INPUT DATA -
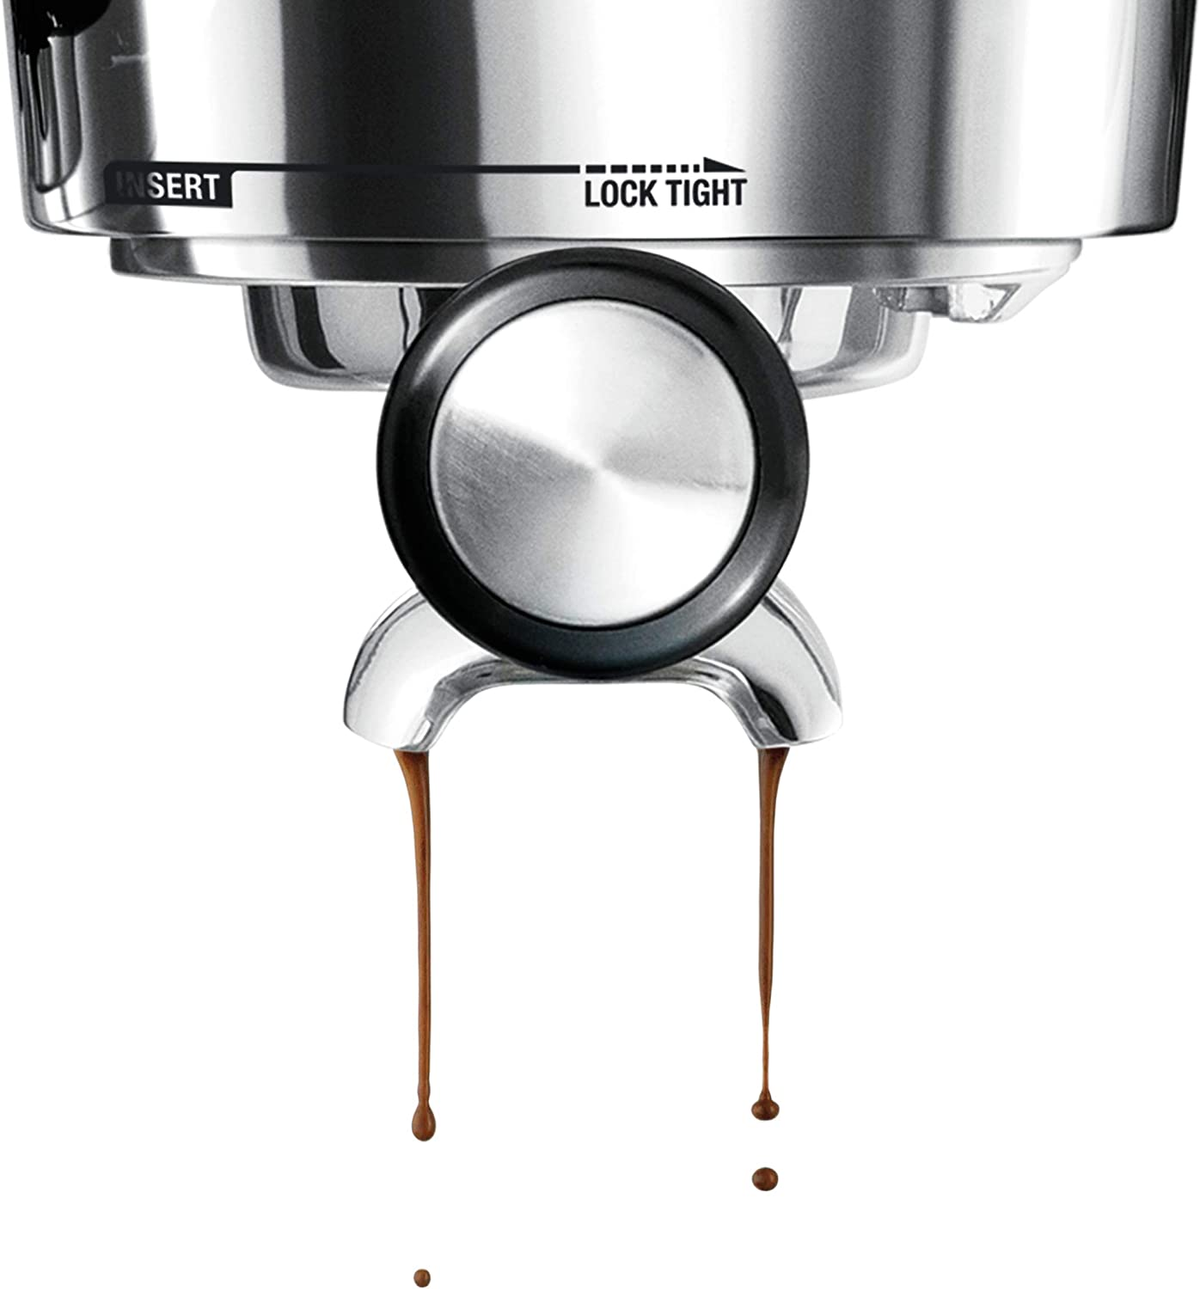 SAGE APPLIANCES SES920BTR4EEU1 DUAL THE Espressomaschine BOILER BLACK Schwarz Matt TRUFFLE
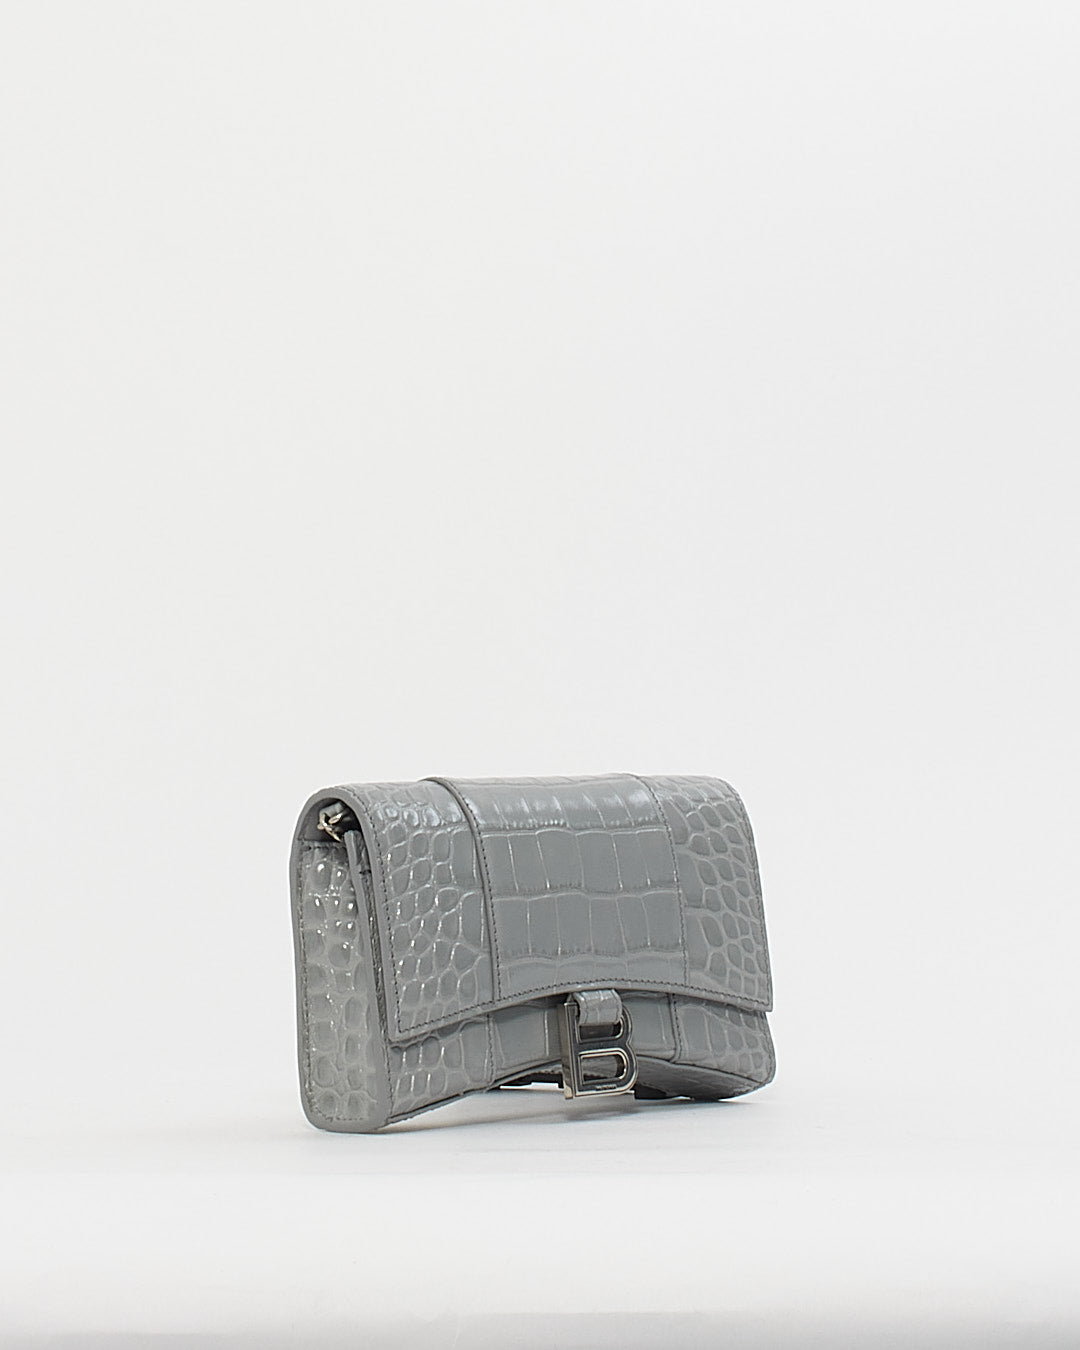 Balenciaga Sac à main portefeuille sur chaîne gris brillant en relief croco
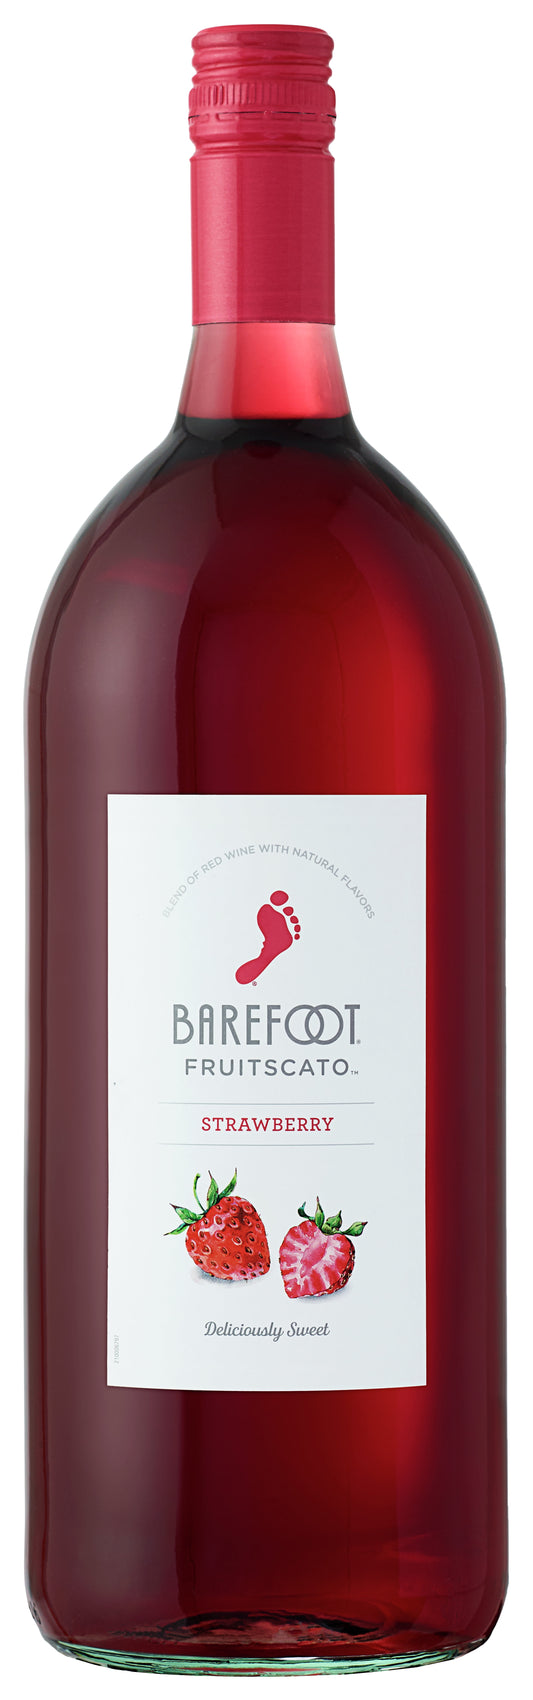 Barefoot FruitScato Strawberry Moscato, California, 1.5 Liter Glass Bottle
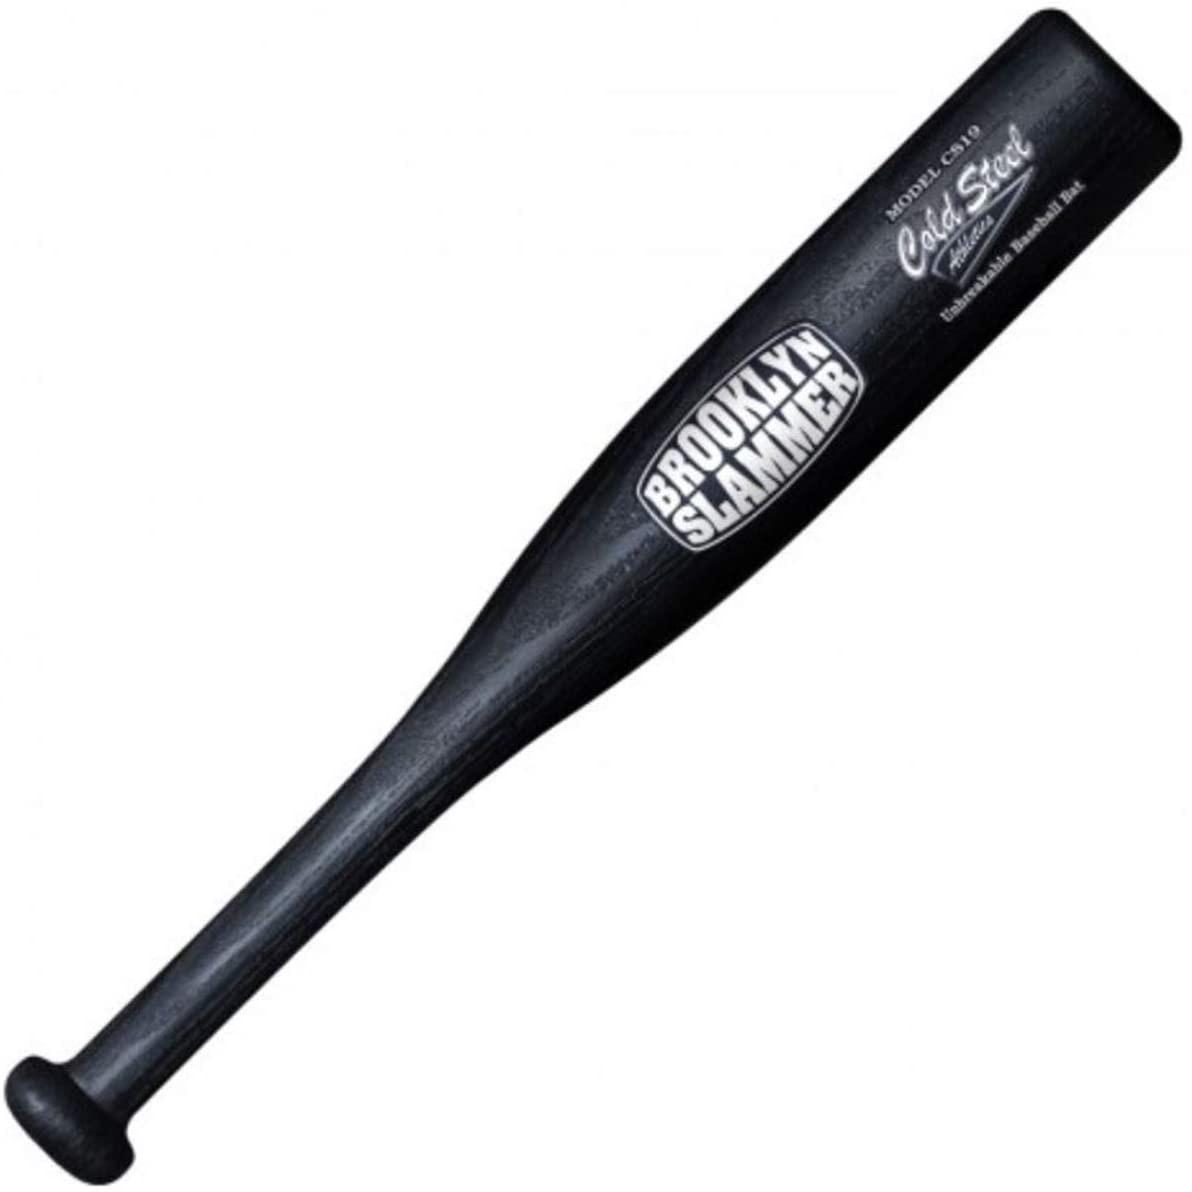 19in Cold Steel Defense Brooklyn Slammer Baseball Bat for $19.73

WHAT YOU WILL DO -
Transcribe the whole listing above exactly and leave out the pictures.

TASK OUTPUT -
 SAGE APPLIANCES SES920BTR4EEU1 DUAL THE Espressomaschine BOILER BLACK Schwarz Matt TRUFFLE
 Balenciaga Sac à main portefeuille sur chaîne gris brillant en relief croco
 Barefoot FruitScato Strawberry Moscato, California, 1.5 Liter Glass Bottle
 19in Cold Steel Defense Brooklyn Slammer Baseball Bat for $19.73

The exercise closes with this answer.